───── TASK DATA

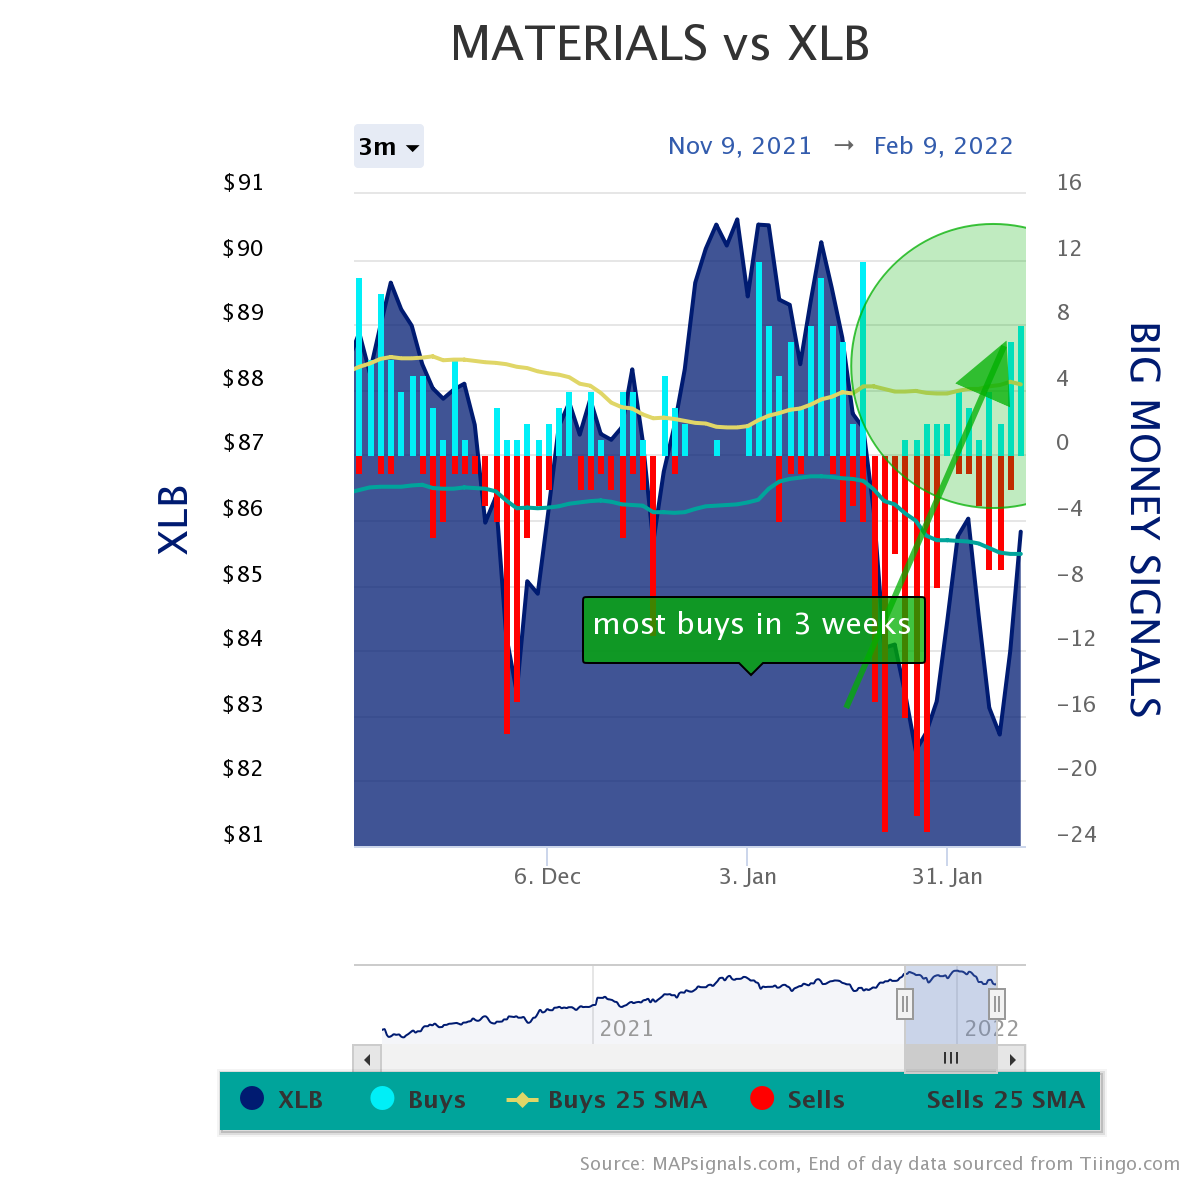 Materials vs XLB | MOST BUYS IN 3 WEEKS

──────────
───── TASK DATA

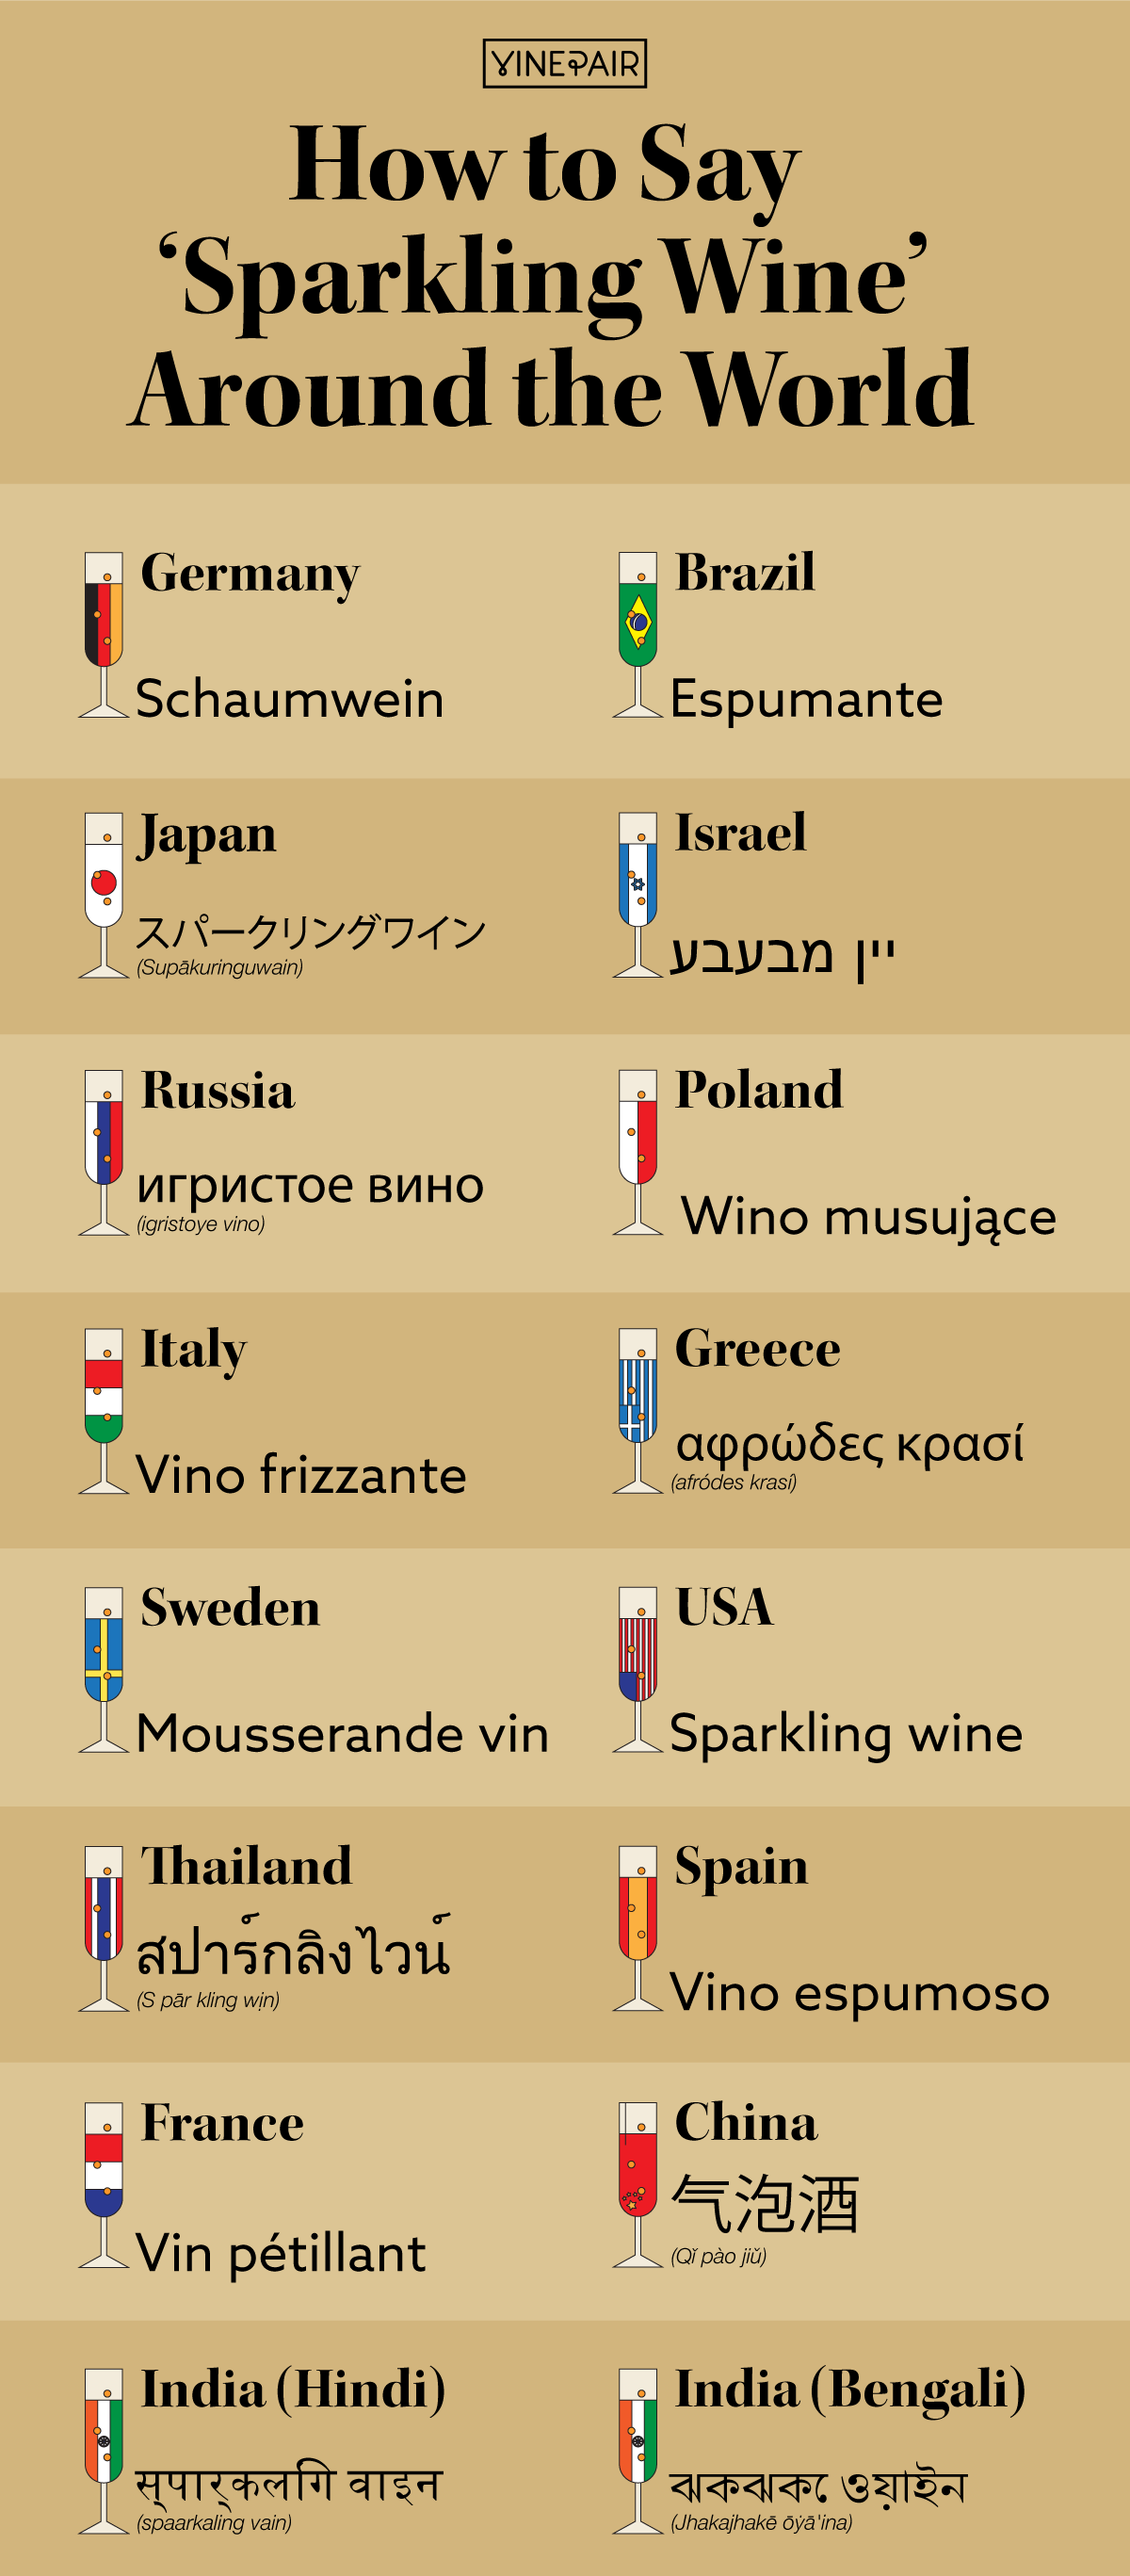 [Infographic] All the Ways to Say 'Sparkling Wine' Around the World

──────────
───── TASK DATA

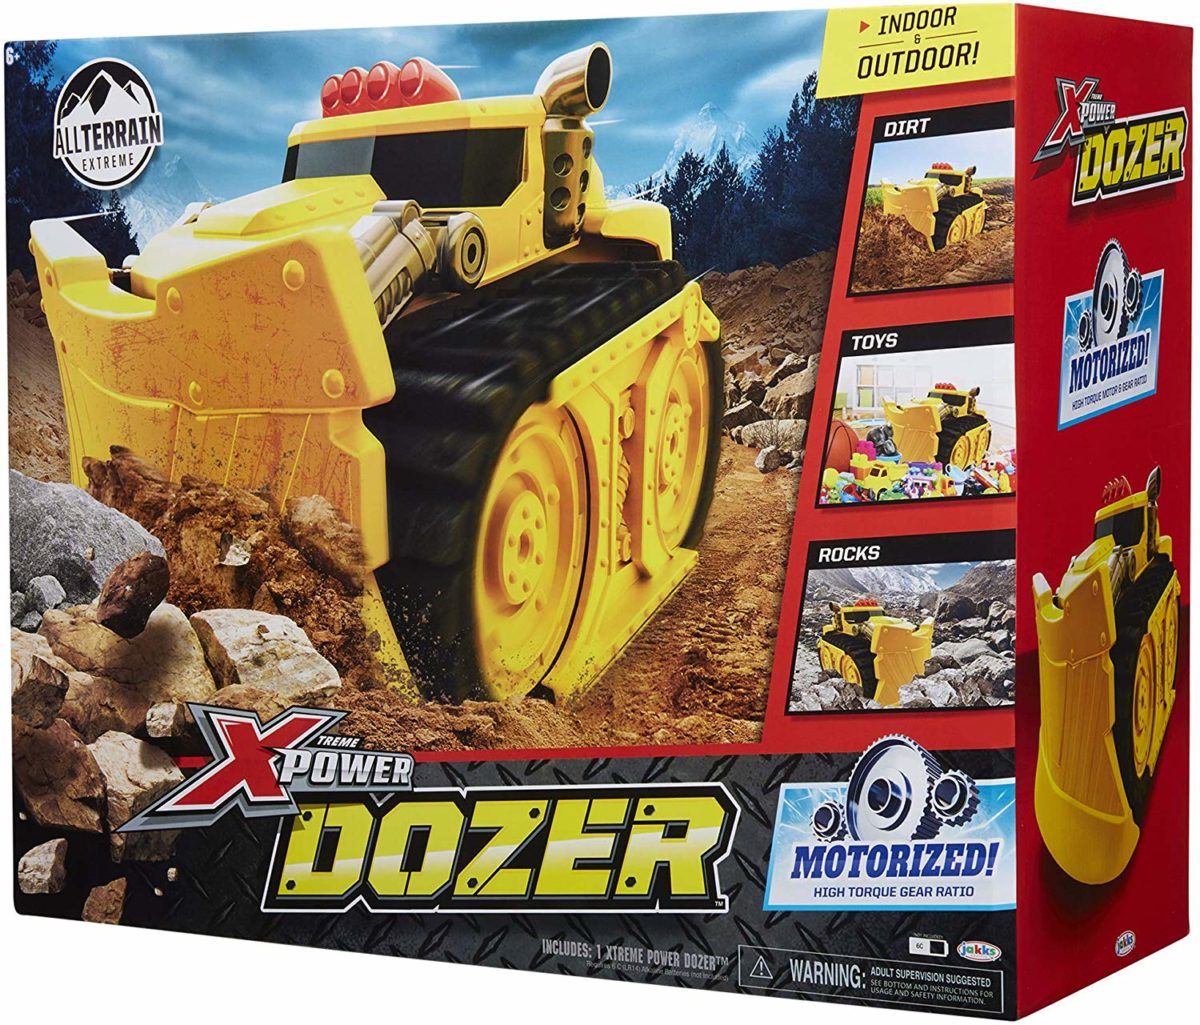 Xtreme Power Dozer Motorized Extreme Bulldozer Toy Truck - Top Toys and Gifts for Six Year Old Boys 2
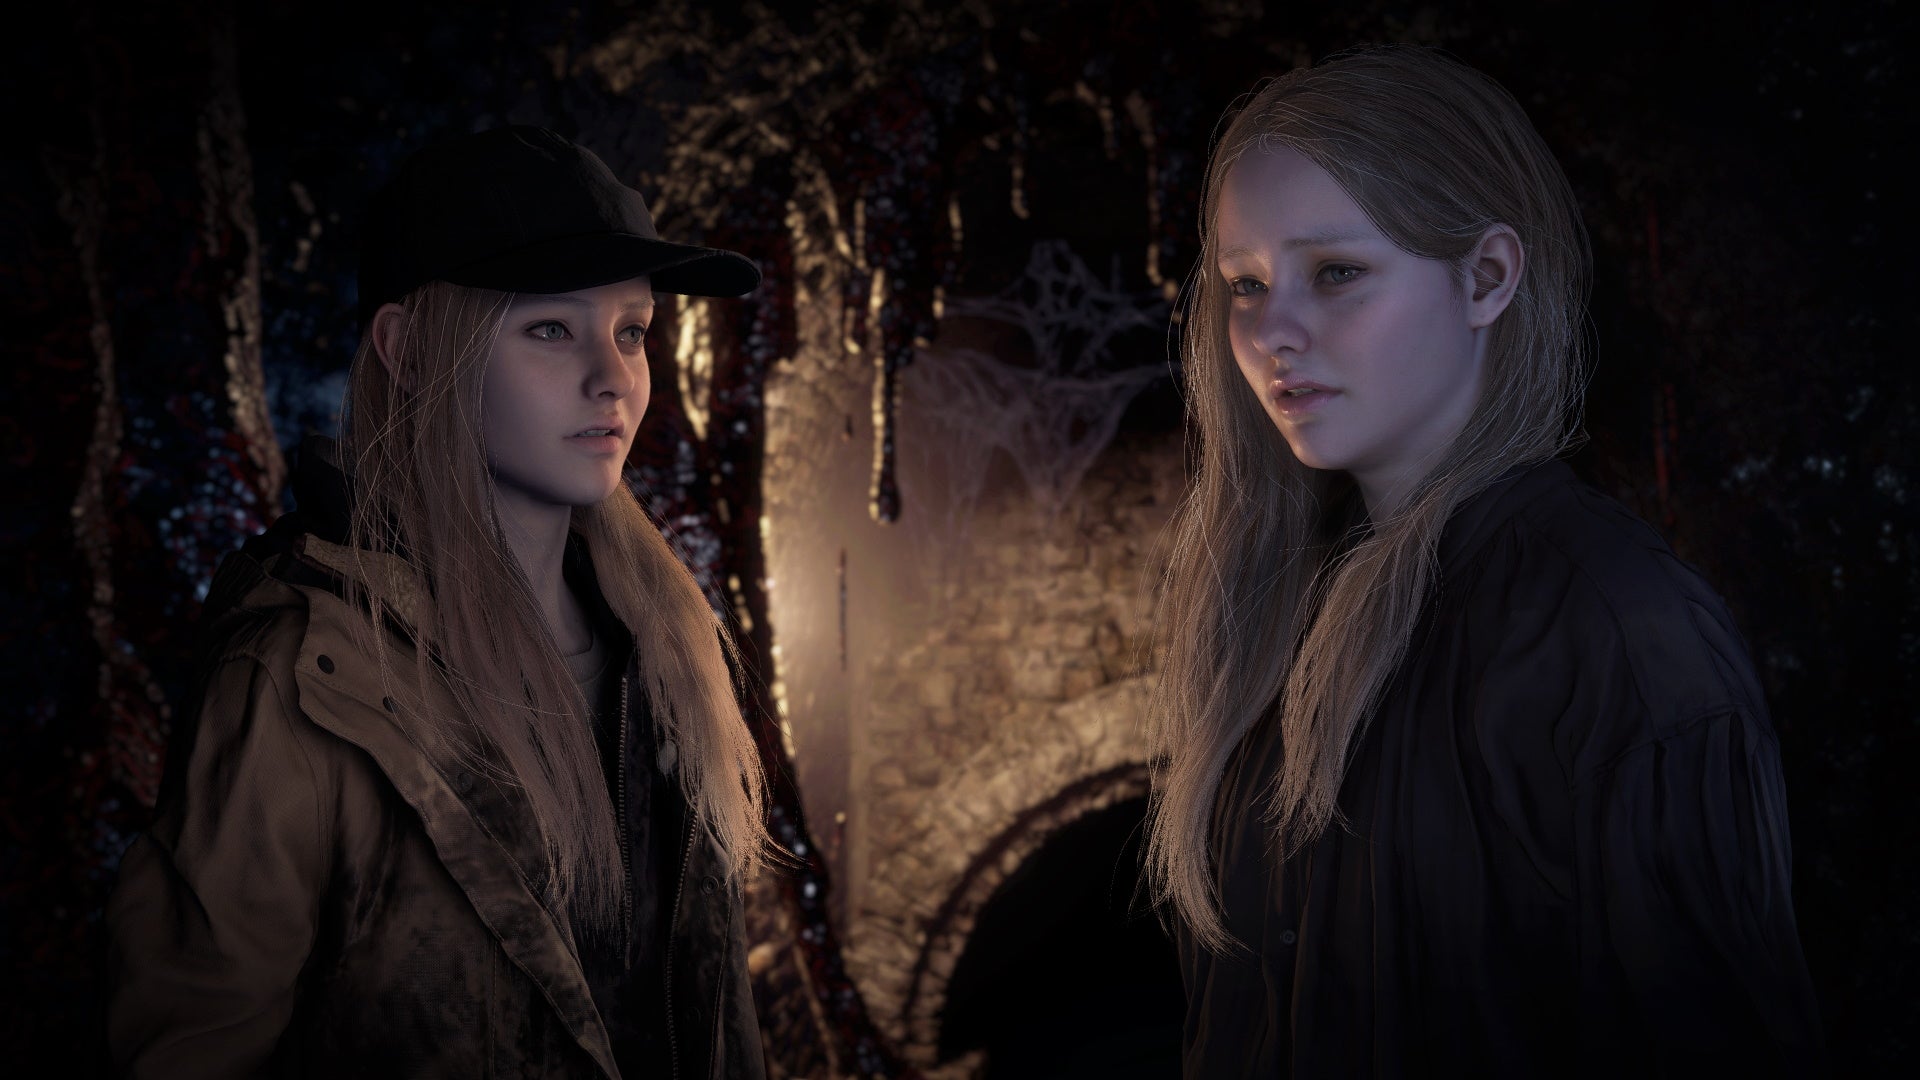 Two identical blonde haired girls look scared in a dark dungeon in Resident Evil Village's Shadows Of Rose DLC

──────────

= PROBLEM REQUIREMENTS =
In the records above, find the line with "Xtreme Power Dozer". Print exactly from there through the line with "Two identical blonde", minus the pictures.

= EXERCISE OUTPUT =
 Xtreme Power Dozer Motorized Extreme Bulldozer Toy Truck - Top Toys and Gifts for Six Year Old Boys 2
 Two identical blonde haired girls look scared in a dark dungeon in Resident Evil Village's Shadows Of Rose DLC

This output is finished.